The Queensland Chapter of the IEEE Computational Intelligence Society is hosting the following seminar:
Title: Protocol Learning: Towards True Open-Source AI
Speaker: Dr Alexander Long, Amazon
Hosts: Marcus Gallagher and Aneesha Bakharia
Registration: The event is free to attend and open to non-IEEE members, but registration is required via: https://events.vtools.ieee.org/m/480291
Abstract: In the current AI landscape, foundational models remain effectively closed-source, with innovation tightly controlled by a few well-funded corporations and dependent on their continued release of base model weight sets. Protocol Learning represents a bold new direction, enabling truly open-source AI through decentralized, low-bandwidth, multi-party model-parallel training. In this talk, Alexander Long, founder of Pluralis Research, will discuss the core research behind Protocol Learning, how it allows—for the first time—truly community-created and owned models, and the significant economic and geopolitical implications this has on the foundational model layer. He will also share insights from his journey founding Pluralis, raising over AUD 11M from prominent US investors in the first funding round, assembling a tier-1 research group domestically in Australia, and offering his perspective on the current state of venture capital in Australia, and how to navigate this as a founder, as well as Australia's strategic position within the global AI ecosystem.

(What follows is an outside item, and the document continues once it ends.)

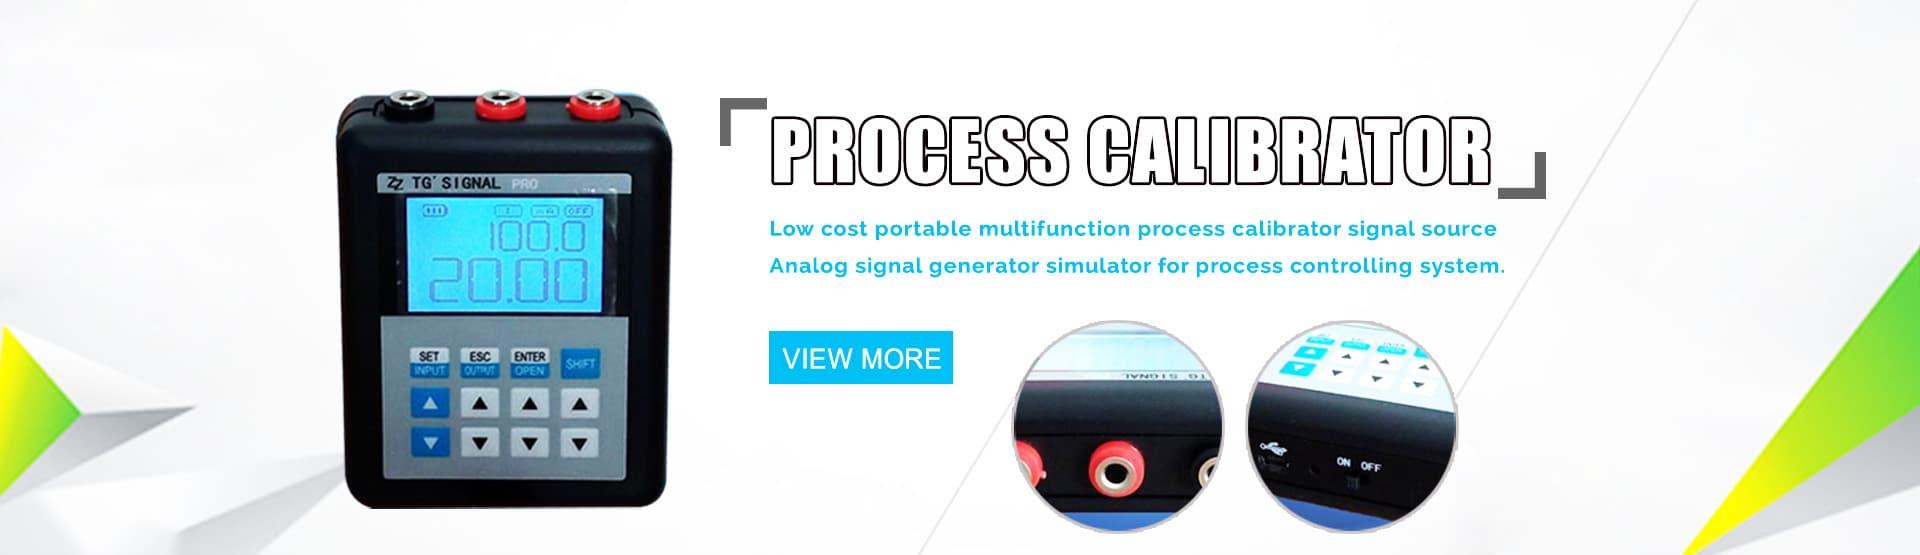 Multifunction Process Calibrator for 4-20mA mV Thermocouple
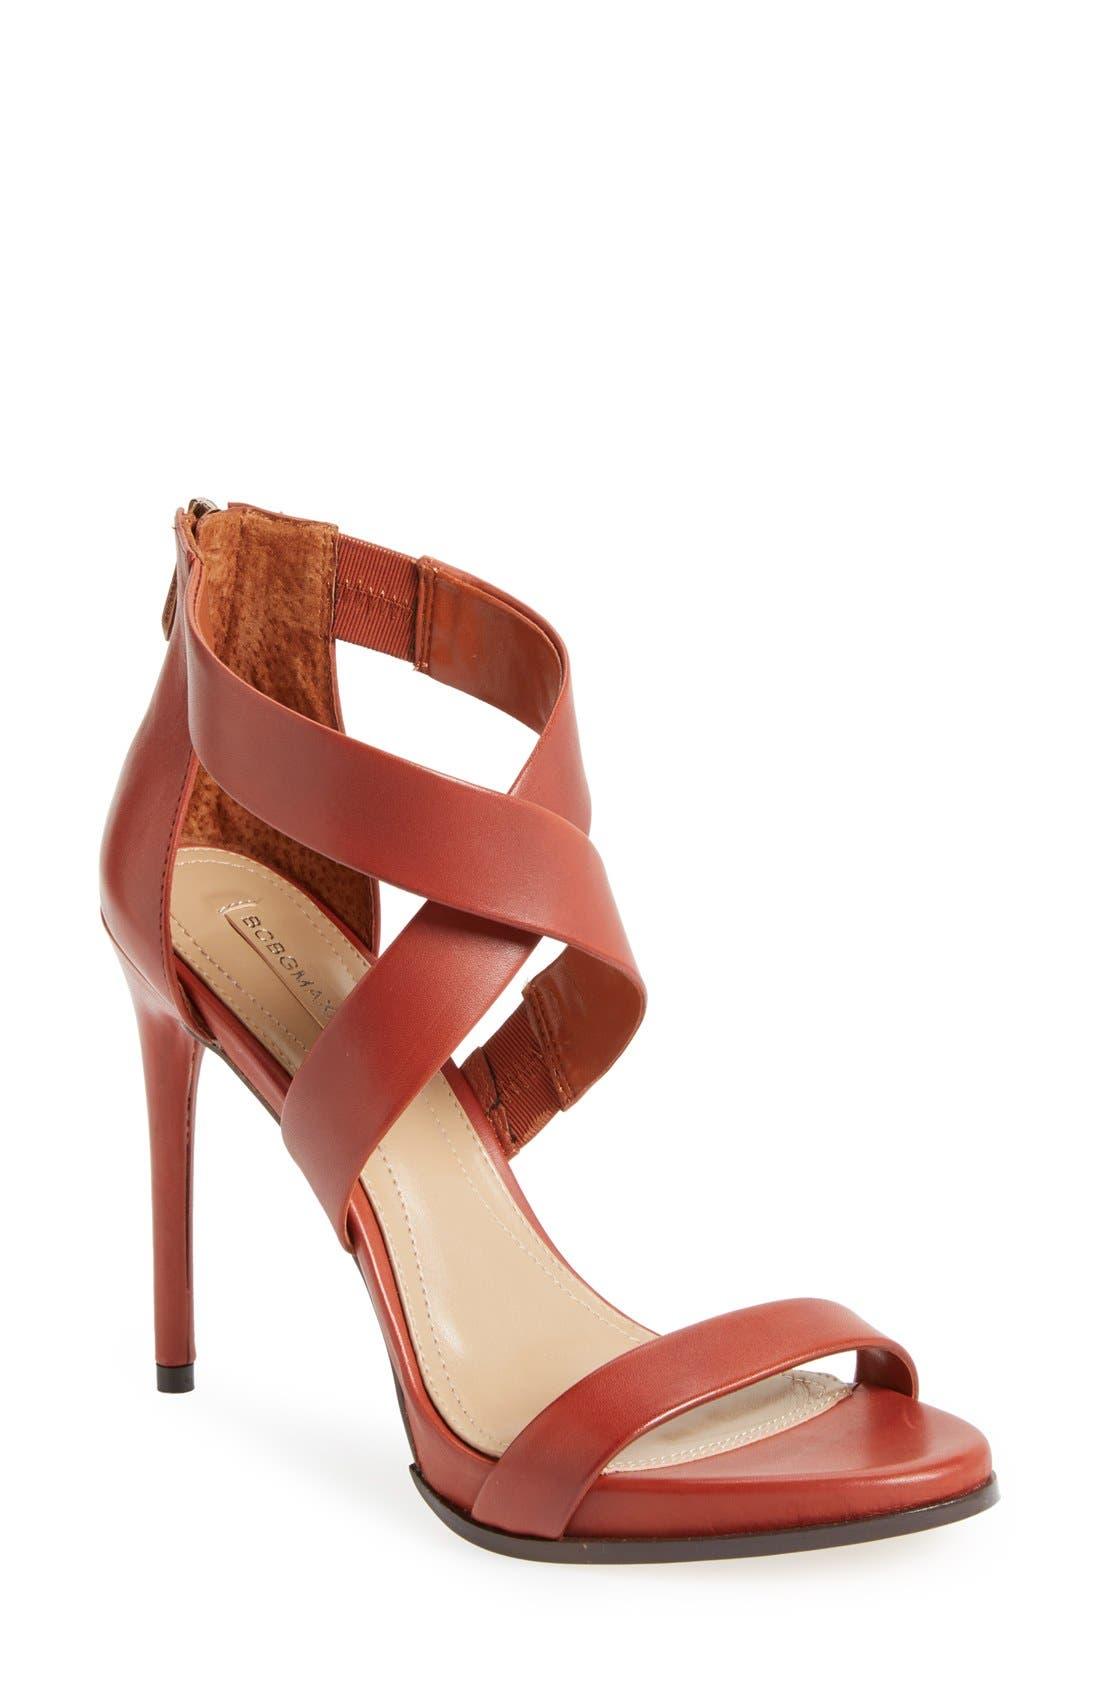 Main Image - BCBGMAXAZRIA 'Elyse' Sandal (Women)

Bio: Alexander Long spent three years gaining familiarity with large-scale training dynamics at Amazon as an Applied Scientist. He spearheaded research on the structure of representation spaces in multimodal foundation models: work that was both published in tier 1 venues and applied directly at Amazon scale. His PhD focused on Nonparametric External Memory in Deep Learning and was the school nominee for Malcolm Chaikin prize (best thesis). He holds an M.Sc. from the Technical University of Munich and BE from UQ all awarded with highest honors.
About Data Science Seminar
This seminar series is hosted by EECS Data Science.